The universe was alive again. Different, eternal, stripped of weakness and initial power. But it would never know death again. It was death, but it was not the end, and would never be.
Metal multiplied, and she saw its promise. It would multiply, fill the entire universe. Block out the void, replace it with endless crystal. Block out the light.
“No,” she said again, with more certainty than before, and the universe shifted again, less willingly, but in rhythm with her dedication. Metal slowed, eroding and being recreated in rhythm. It was a universal-scale orrery, now. A calm and quiet home. Orderly. Safe from all possible dangers. Safe from –
Safe from knowledge, and newness, and identity.
She was Srequi Lantrane, magos of the Martian Mechanicum. She had betrayed everything for knowledge. She would never surrender that final, fatal quest.
“No!” she screamed. To avoid final dusk….
An iron dawn.
Srequi Lantrane of Mars did not open her eyes. She merely began to see through them.
Anrakyr stood before her, holding his halberd as stalwartly ever. Semyon was using four of his ten hands to scratch various parts of his head. And the green mist lit up the room, enough to let her see her reflection on the wall behind Semyon.
She was human once again – or, rather, she was thus at first glance, an adult human woman some would even consider attractive by baseline standards. Except this was only true approximately, in shape. For her skin was now built of the same silvery, flowing metal as Anrakyr’s, in every part of her body, not a touch of organic matter remaining within her.

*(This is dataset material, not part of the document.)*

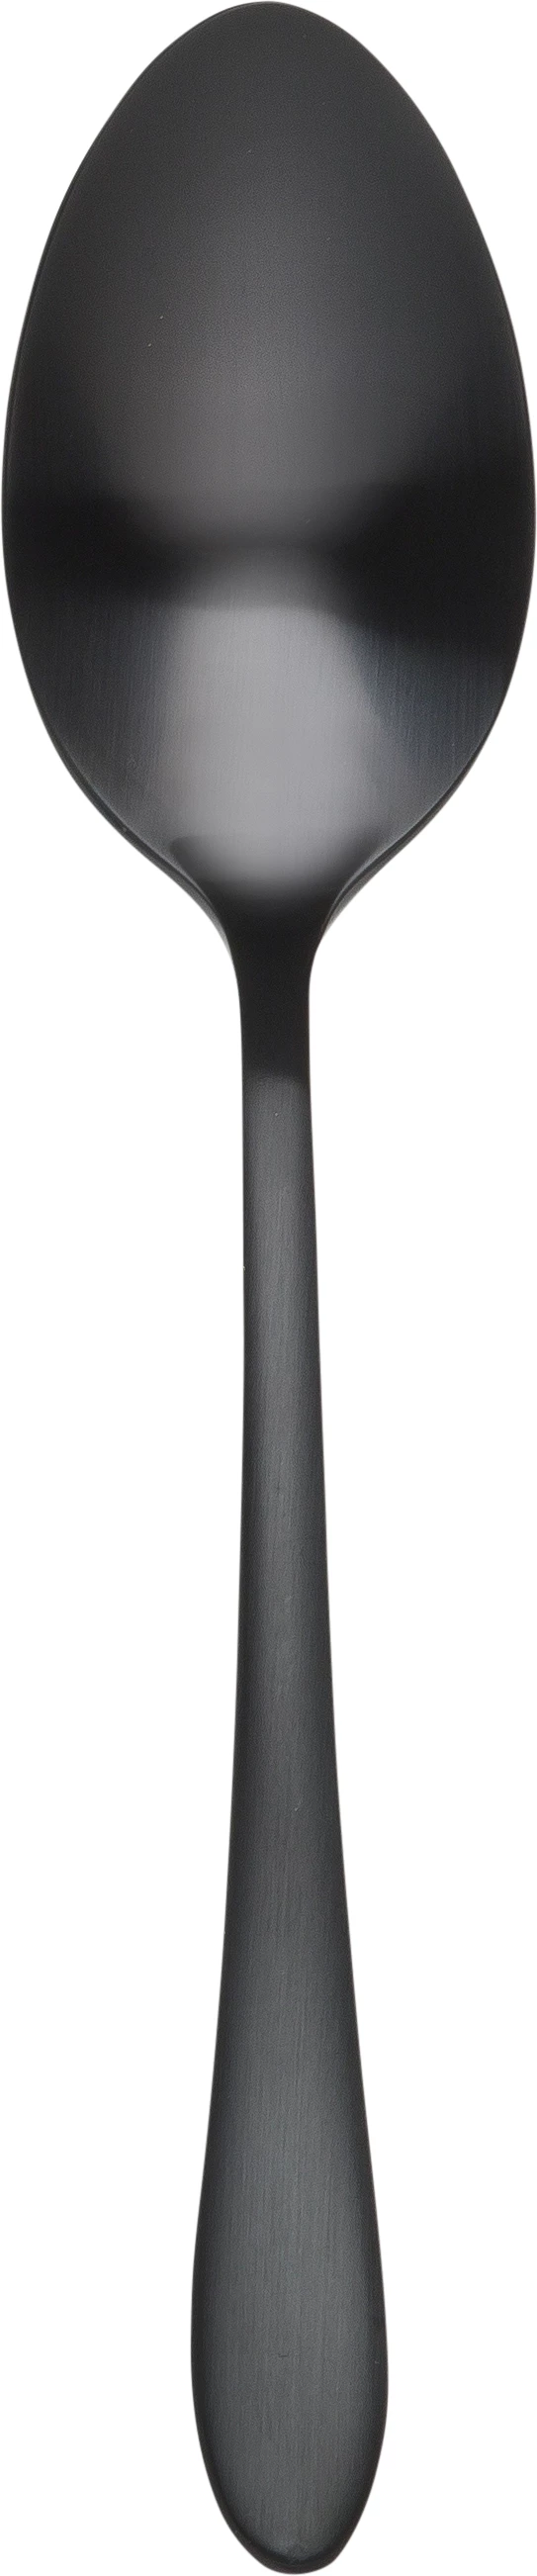 Øland teske, sort, 14 cm
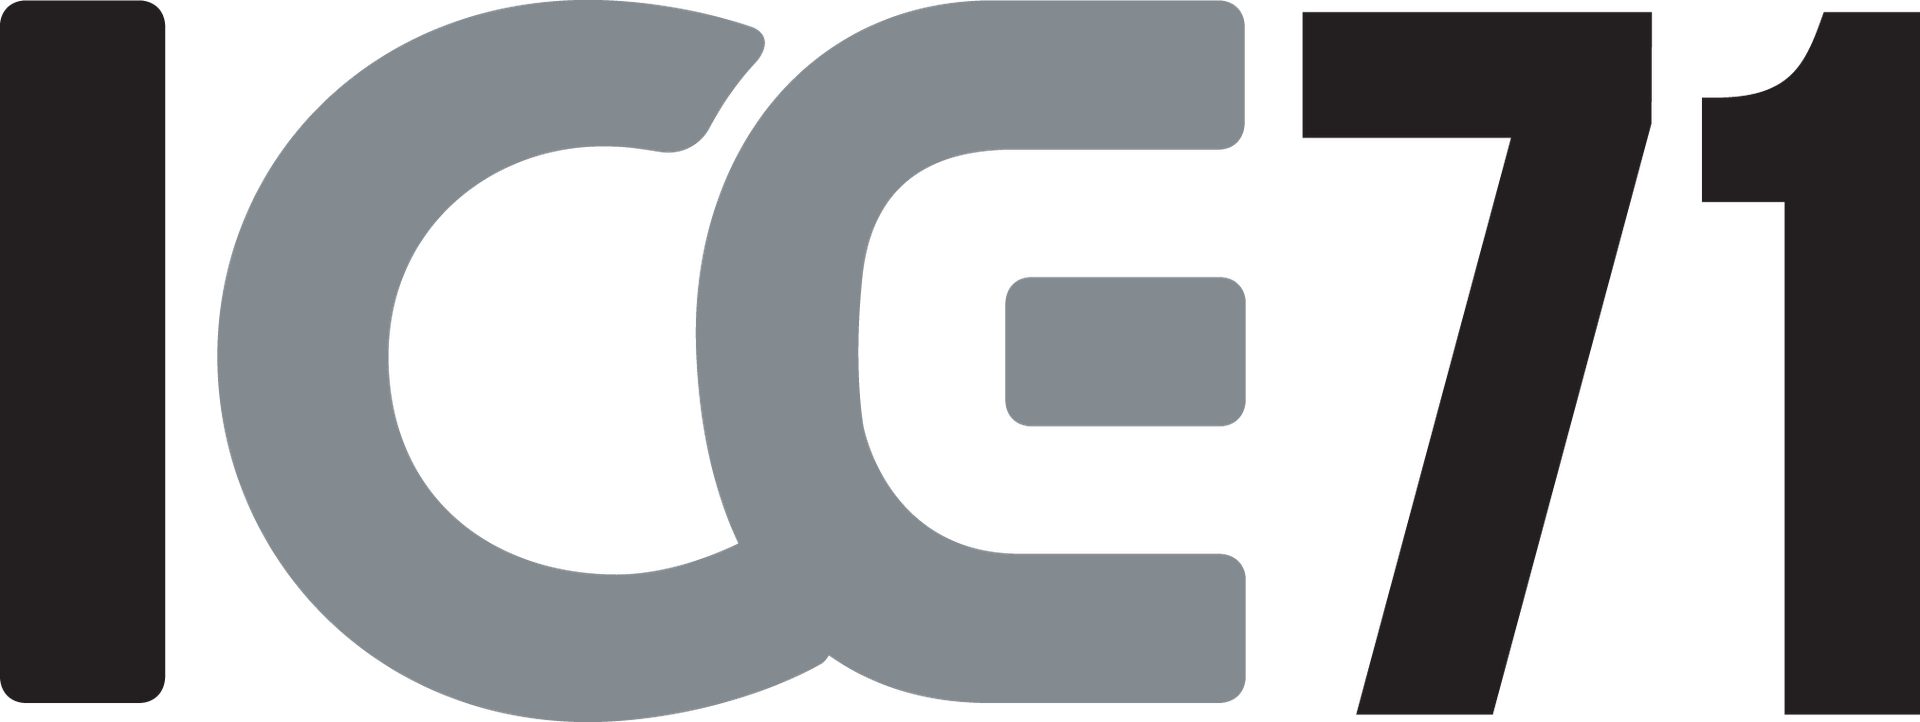 ICE71 logo

She had not regained her humanity, but instead surrendered it completely.
“Overlord Anrakyr,” she spoke in Gothic, though it seemed strange and half-forgotten to form the words. “This is how the Necrontyr concluded?”
“How we leaders were,” Anrakyr stated. “I am not sure if your retaining your mind was the shard’s intention; but you should have Szarekh’s location in your memory.”
“This… doesn’t feel so terrible,” Lantrane remarked. “Stronger, more intelligent, still sapient…. But there is something… absent?”
“There is,” Anrakyr said, as he motioned Lantrane and Semyon to leave. “Your soul.”